Crying: A babies survival Reflex
There are no words to describe the overwhelming rush of emotions parents feel when they hear the vibrating squealing cry of a newborn baby making its debut into the world. A cry is a sound we long to hear after birth because we know that our baby has had a healthy entrance into the world.
If you’ve taken parenting classes, read parenting articles or had a broad spectrum of child development classes like me, you’re aware of the vast amount of baby reflexes.
Our babies are born with sooooo many reflexes!
Nearly 75 reflexes to be exact. As a result, some reflexes last for six months while other vanish quickly. Perhaps our favorite reflex is when you place your finger in the little palm of their precious hand, and they embrace your finger.
After all, nothing can turn a mother or father’s heart into a puddle of love faster than that wrap around your finger.
The mouthing reflex, one of the most important, teaches your baby how to nourish himself.
You can test this reflex, but merely stroking the side of your baby’s cheek and in response, they turn their face and open their mouth to your touch. This survival reflex is how your child will naturally learn to latch on to your breast.

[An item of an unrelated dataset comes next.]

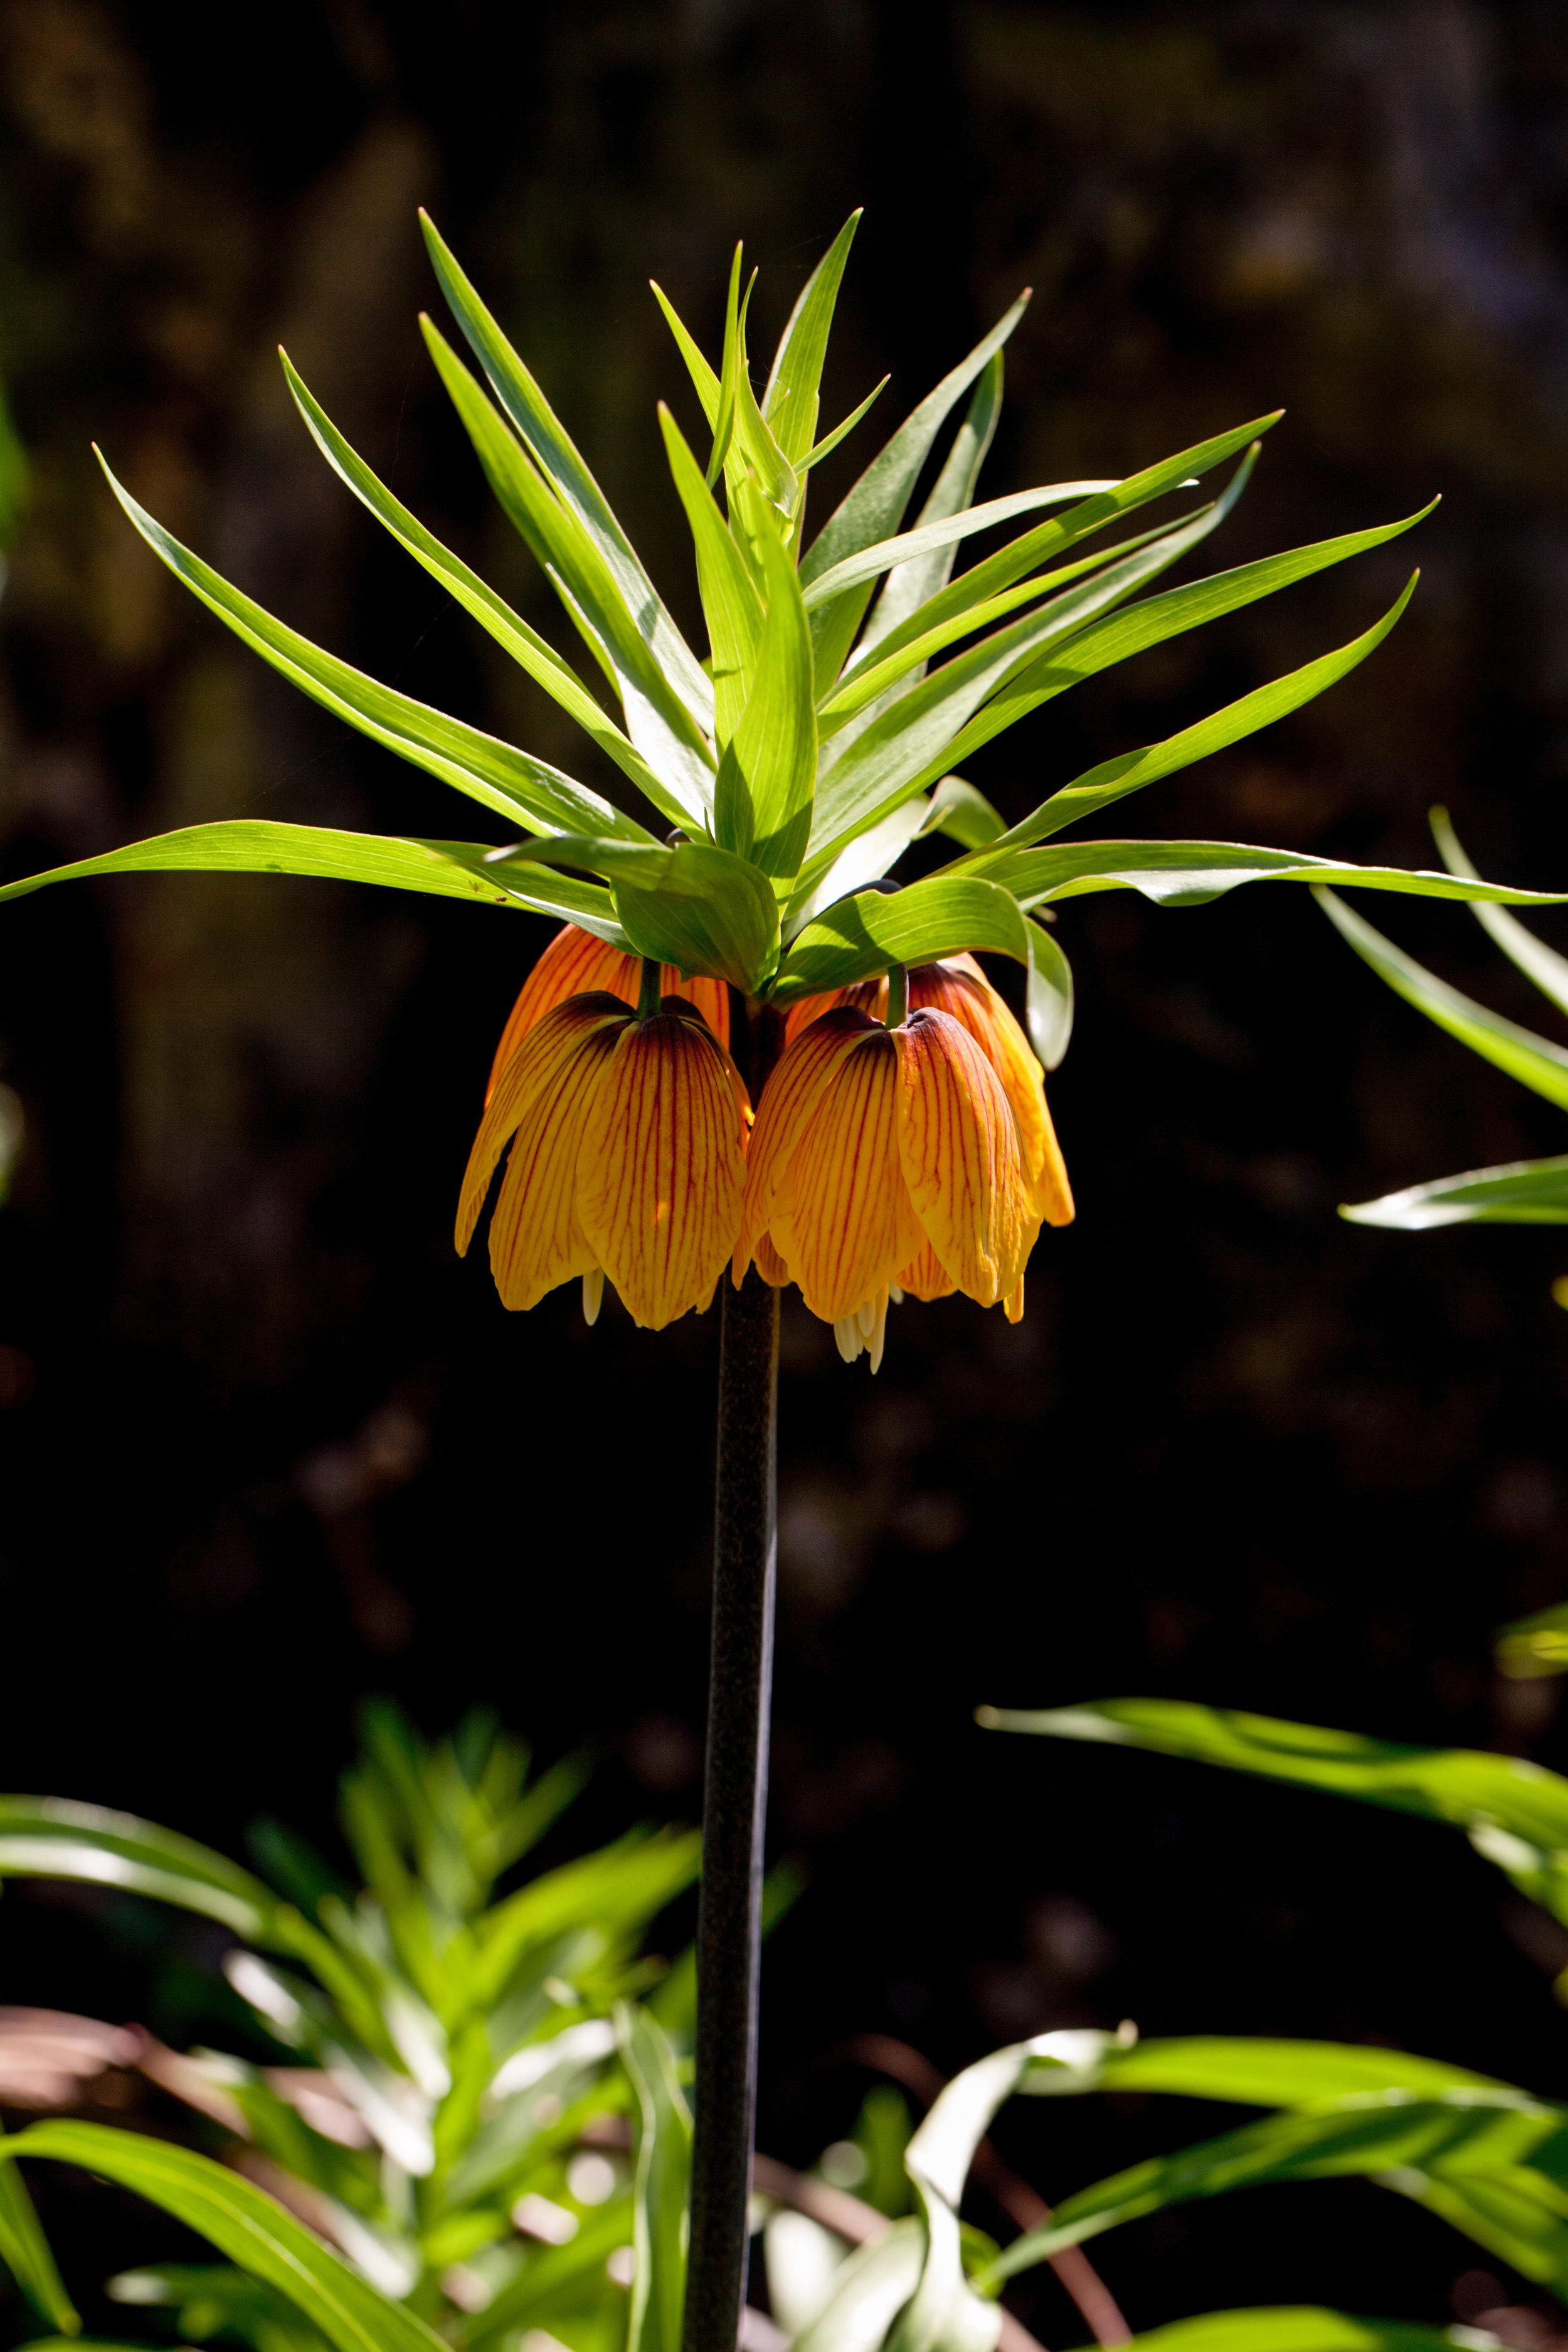 gardening_book_Apr_08_2011_3136.jpg

It’s the sweetest when you put your face to your baby’s cheek, and in return, you receive adorable sucking kisses.
The reflex we often neglect to talk about is the one we all expect; crying. Crying is your baby’s way of getting your attention. Interesting enough, babies don’t realize that is what they are doing.
Crying is a natural born survival reflex.
In essence, crying is probably the most powerful reflex. A single shriek, squeal or a full on scream can cause any parent to instantaneously drop everything and make a mad dash to their baby.
In the first exhausting weeks of parenthood, you begin to ask yourself why is my sweet angel baby crying so much. Your baby’s cry is their method of expressing that their upset, hungry, wet or cold. It isn’t until a month or two after your babies are born does your child realize that their cry sends a message to you as the parent.
For example, when we are upset some of us mumble under our breath or shout inappropriate musings. Typically, we don’t want others to overhear us, but yet we still need to express ourselves in a verbal manner. Well, our sweet little ones do the same thing.
In the early weeks and months, babies aren’t crying for your attention, but instead expressing their frustrations for a matter of survival.
Side note: Parenthood comes with unbelievable joys and a whole lot of unsolicited advice. Every time you pick up your crying baby can you hear your grandma’s shaky voice saying you keep spoiling him! Welcome encouraging advice and immediately depose of sometimes aggravating incessant commentary of others.
Just like your baby is born with the crying reflex you are given the instinct to come to the rescue.
Often it’s very upsetting for a mother to try and ignore a baby’s cry as the baby ages and matures. A babies cry alerts a mother’s nervous system and amps it into full gear to help their little one in distress.
Also, for many women a baby’s cry can also alert the mother’s milk production and cause their milk to come in.
I am in constant awe of the bond and biological instincts of mothers and their babies.
As your child begins to grow, some reflexes start to disappear.
Your baby no longer needs their crying reflex for survival. Your baby has learned that when she cries her cry commands your attention. At a precious young age, our little ones learn they can easily manipulate you for your attention.
You will be able to clearly tell the difference between a hurt, hungry, wet cry from an angry yell of a cry when they don’t get their way.
As your baby learns and navigates through its new environment outside the womb so does the parent. A change of perception can often give us a change in attitude. Instead of viewing our baby’s cry as a constant need for attention it’s merely a reflex given to your sweet baby to ensure survival.
The love and attentiveness shown to your little one in the early weeks and months allow your baby to grow out of their reflexes and learn how to use their cries and shrieks to send a message.
It can be useful to set parenting goals before your child is born, but important to remember during the early period of your baby’s life, it is impossible to spoil your baby. Despite commentary from others, holding your newborn too much will not lead to negative consequences, but quite possibly the opposite can occur. Your patience and tender loving care will equip your baby with survival skills for a lifetime.